ASI Excavated More Questions Than Answers in Ayodhya

Published: 29.08.2003
Updated: 31.01.2011

The Times Of India

Royden D'Souza, TNN, Aug 29, 2003, 02.48am IST


The Archaeological Survey of India (ASI) dig at the disputed Ayodhya site just might have succeeded in digging up the Indian equivalent of the 'Shroud of Turin'. The picture emerging from the information in various ASI reports from 1954 - including the one released this week - remains hazy and vague about a key period in Indian history. More importantly, say scholars, the ASI has failed to shed any light on the site's link to Lord Rama, the key issue in the entire political controversy.

According to an archaeologist involved in the 1976 digs at Hanuman Garhi and Sita-ki-Rasoi in Ayodhya headed by Prof B B Lal, all that the ASI report does is establish beyond doubt the presence of a structure beneath the demolished Babri mosque, and push the antiquity of the site back by six centuries. Prof Lal's report, published in the Indian Archaeology Review of 1976-77, dates the antiquity of the site to circa 7th century BC, while the present ASI report says the site dates back to the "middle of the 13th century BC".

Beyond this, the ASI report says absolutely nothing about the dedication of the structure to - or its association with - Lord Rama. Like the 1976 study, the present ASI report indicates that the Northern Black Polished Ware-using people were the first settlers at the site; and both identify the presence of Sunga, Kushan and Gupta periods, with human occupation till 11th century AD.
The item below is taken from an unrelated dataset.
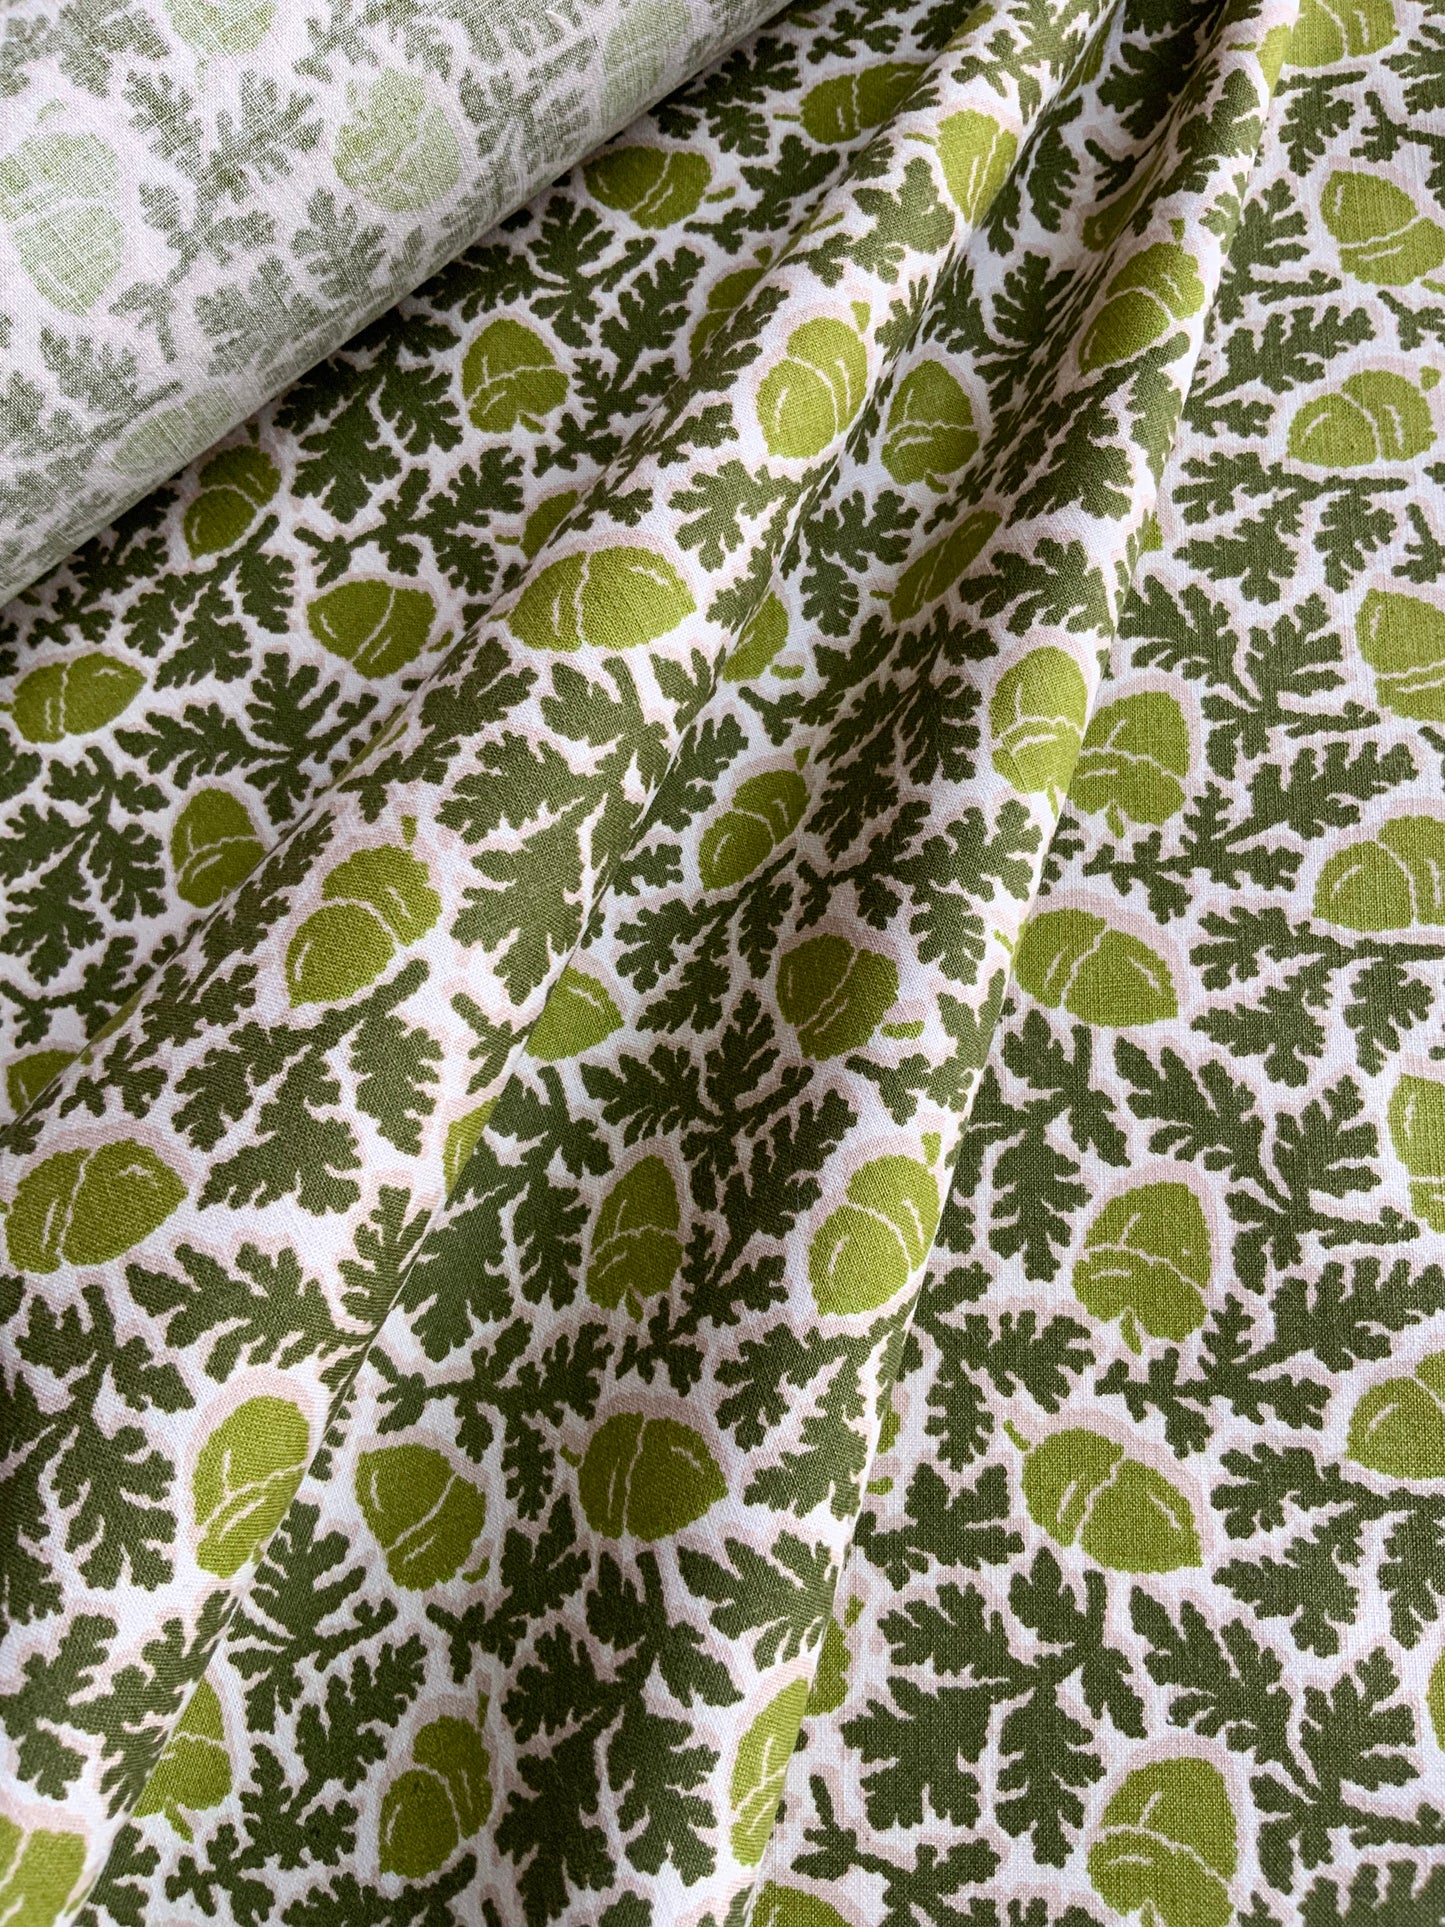 Tasha Tudor’s Original Dress Handprint in Green/Chartreuse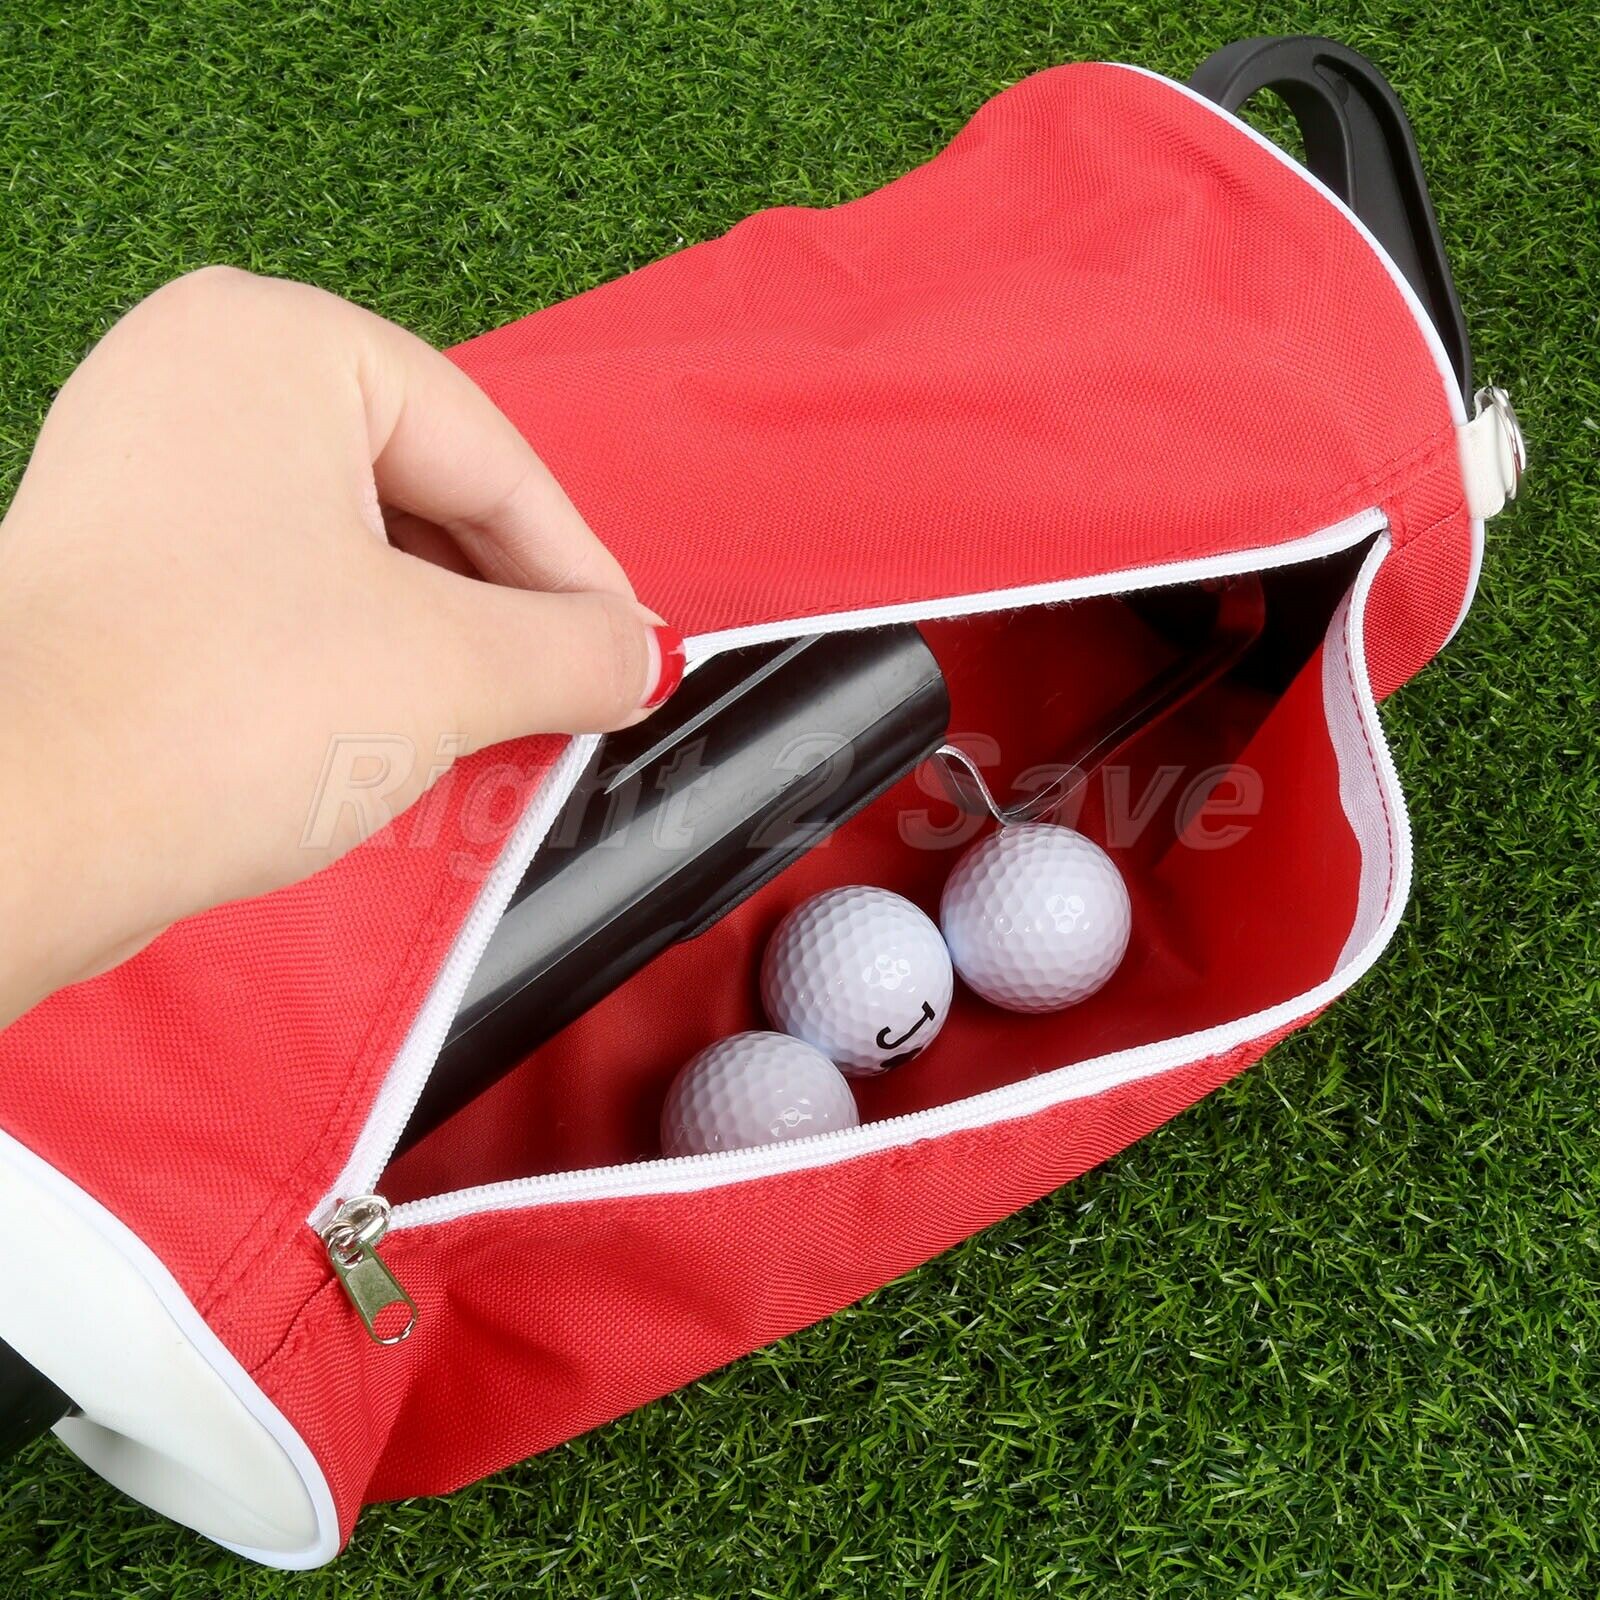 Golf Ball Picker Up Retriever Balls Holder Ball Nylon Bag Golf Club Accessory

Importantly, both reports push the antiquity of the site to within 600 years of each other, seven centuries before the Christian era began; and finally, both indicate a subterranean structure dating back to the 11-12 century AD. But that's where the clarity ends and the puzzles start piling up.

According to archaeologists, there existed a 'Dark Age' in Indian history from the end of the Harappa culture up to beginning of 6th century BC. Little was excavated and recorded of this till 1954, when Lal published his findings of an excavation at Hastinapur. The discovery, dating and chronology of the various periods of the excavated site were of key value on three counts.

This was the first well-directed step towards shedding light on the 'Dark Age'; second, this discovery of Hastinapur - the famed capital city of the Kauravas in the Mahabharata - was the first substantial proof providing an archaeological link between the epic and 'actual history'. Third, this excavation placed the antiquity of Hastinapur to around 12th century BC. As Ramayana predates Mahabharata, experts place three centuries between the two and expect sites connected to the Ramayana to date back to around 1500 BC or even earlier.